Director: Amelia Hashemi
Producer: Helen Dulay
Production Company: Unit 9 Films
Agency: Red Consultancy
Client: EDF Energy
I was asked to be Director of Photography for this virtual reality shoot for EDF energy and their ‘Pretty Curious’ initiative which aims to encourage more girls to study Science Technology Engineering and Maths subjects.
Photo: Claire C – Marine biologist
The film, directed by Amelia Hashemi, was anchored by interviews with three female role models – an engineer, a marine scientist and a computer coder. By filming them in their dynamic work environments and by using the interactive medium that is virtual reality, we hoped to inspire the next generation of female technologists.
Photo: Claire M – Computer coder
As always with VR there are the challenges of operating and synchronising a large number of cameras and managing the data workflow. With such complex rigs, you have to really plan ahead to ensure the the director’s vision can be realised without technical issues slowing things down or dominating the shoot.
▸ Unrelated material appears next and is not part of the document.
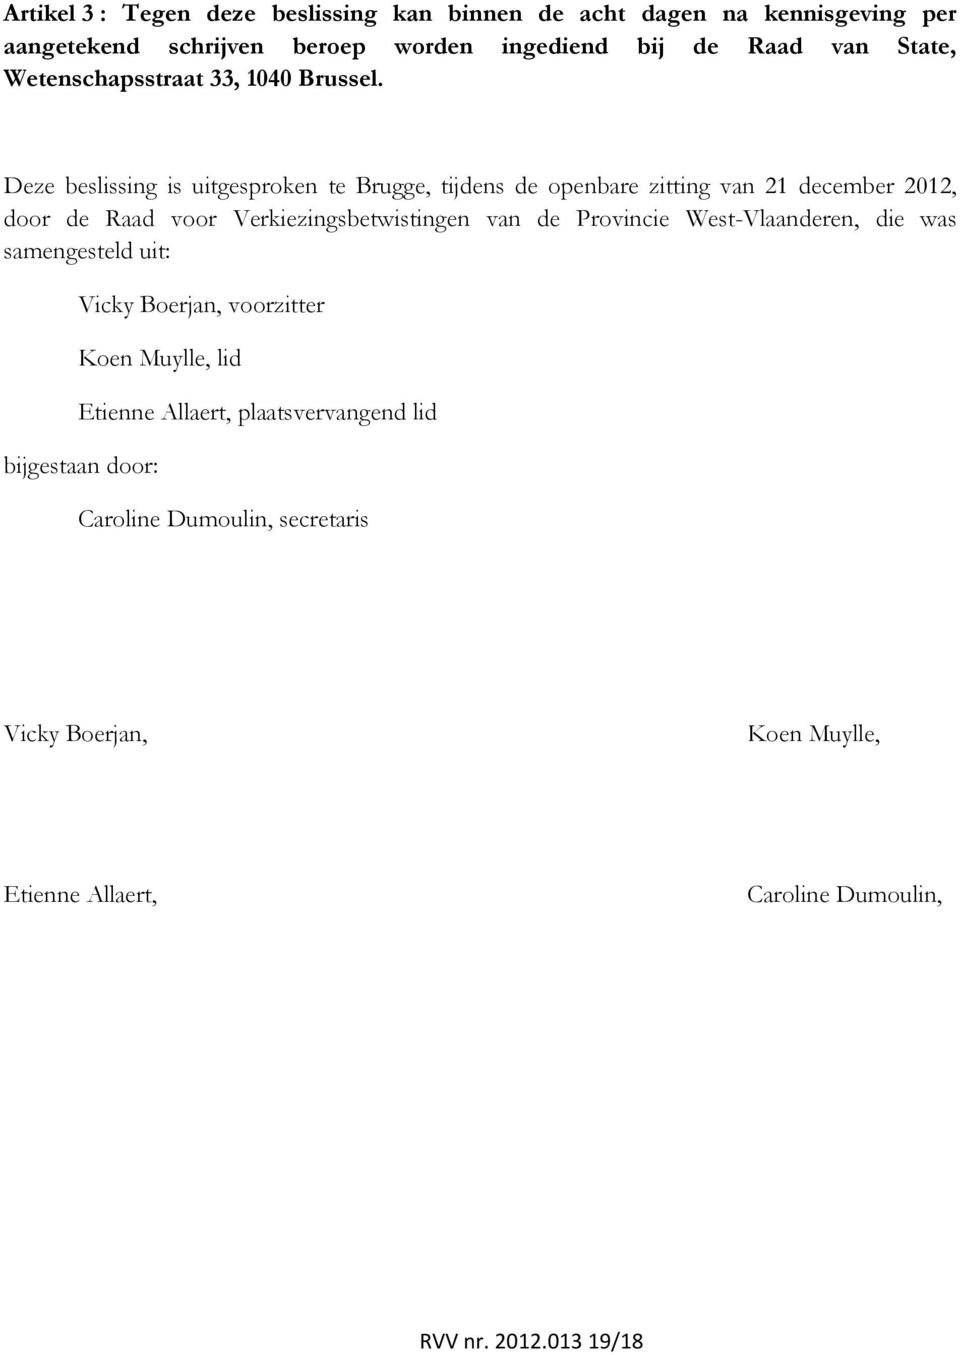 Deze beslissing is uitgesproken te Brugge, tijdens de openbare zitting van 21 december 2012, door de Raad voor Verkiezingsbetwistingen van de

Photo: Roma – Structural Engineer
Also whilst we are shooting we are in constant discussion with the post-production supervisor, ensuring that they have everything they require from each setup to stitch the images together seamlessly in post without any holes and with consideration for CGI and the grade.
Photo: Lewis and Mark launch the heavy lift drone
There were some location and logistical challenges too – firstly flying a heavy lift drone over the North Sea to catch sunrise over a field of wind turbines. Later we operated on a research vessel and also flew a smaller drone off the boat. High places also seemed to be a recurring theme with shots required from the top of one of the wind turbines and also from the top of the Shard building in central London.
Photo: The view from the Shard early doors
Photo: Lewis and Zlatan prep the VR rig
Photo: Cramped crew quarters in the research vessel
Photo: Test flight of the small drone from the boat
Photo: Rigging the front of the boat
Lighting interiors was tricky – there is no ‘camera side’, everything is visible, so unless the location is lit from above like a studio or with hidden fixtures, its available light all the way! For one of the office scenes we borrowed every practical fixture we could find from the co-working space to pump some light into the shot. For key scenes we were also able to bounce hidden LED fixtures off the ceiling to raise the levels for the not particularly sensitive cameras. Where I felt we needed extra light or shape on our interviewees, I was sometimes able to leave a light in shot if the post supervisor felt it could be ‘painted out’ easily and within time/budget constraints.